Another important criticism of PEXIVAS is the lack of presented kidney biopsy data. Kidney involvement could be defined by reduced kidney function with an active urine sediment, but biopsy was not required (11). Most patients were new diagnoses, and patients with documented eGFR <50 ml/min per 1.73 m2 for 3 months before enrollment were excluded. Because ANCA vasculitis may relapse and remit with episodic injury before a formal diagnosis is made, patients could present with severe kidney injury due to advanced sclerosis or due to acute inflammation (13). Those patients with advanced sclerosis would be much less likely to benefit from aggressive initial therapy. Indeed, in a retrospective cohort of patients with ANCA vasculitis and advanced kidney injury at presentation (median eGFR of 7.1 ml/min per 1.73 m2), Lee et al. (14) demonstrated that chronicity scoring of the kidney biopsy at presentation was an independent predictor of treatment response at 4 months. A kidney biopsy also is essential to exclude concomitant antiglomerular basement membrane disease, which has been reported even when serologic testing is negative (15).
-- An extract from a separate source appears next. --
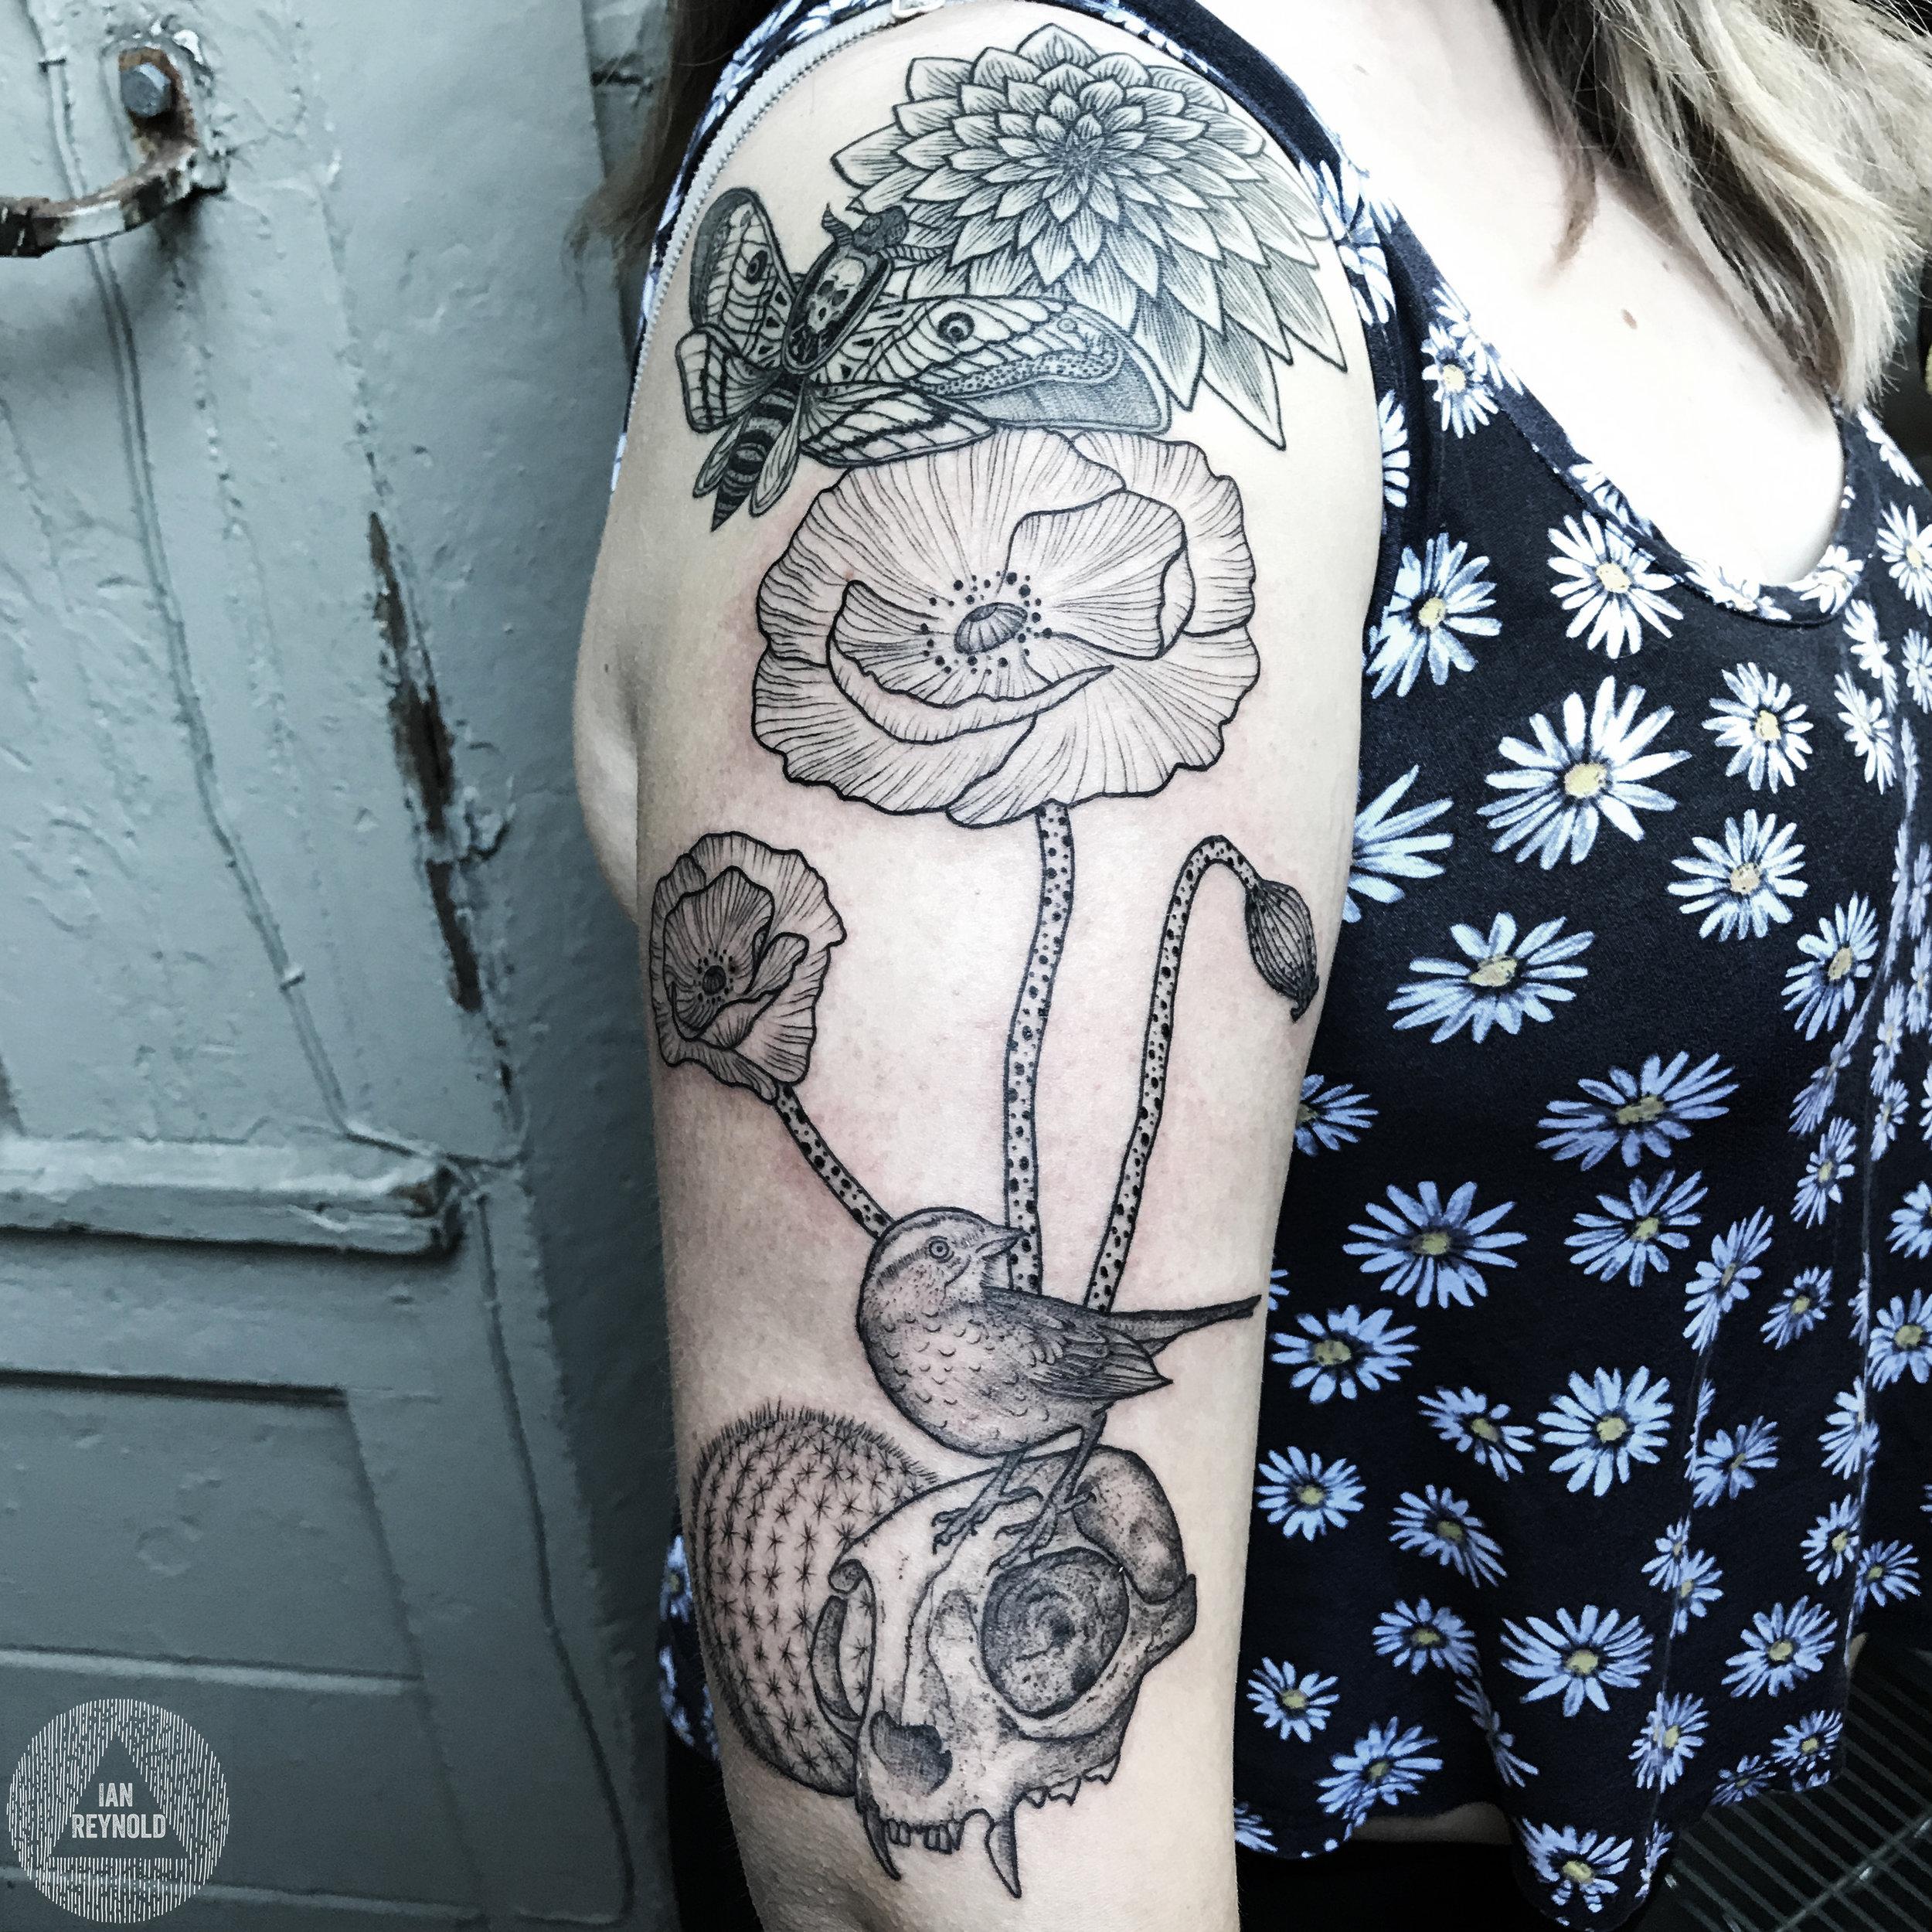 poppies - kitty skull - cactus - birdie

In PEXIVAS, 191 (27.1%) patients had some degree of lung hemorrhage—of these, 61 (32%) had severe hemorrhage defined as O2 saturation <85%, or need for mechanical ventilation. In subgroup analyses of these patients, there was again the impression of potential benefit for the composite outcome (HR, 0.64; 95% CI, 0.33 to 1.24 for less severe hemorrhage and HR, 0.67; 95% CI, 0.28 to 1.64 for severe hemorrhage) (11). Again, this outcome was the composite of either death or ESKD ascertained over the entire follow-up period. Any short-term benefit, benefit on death alone or on time to resolution of hemorrhage and improvement in lung function have not been presented.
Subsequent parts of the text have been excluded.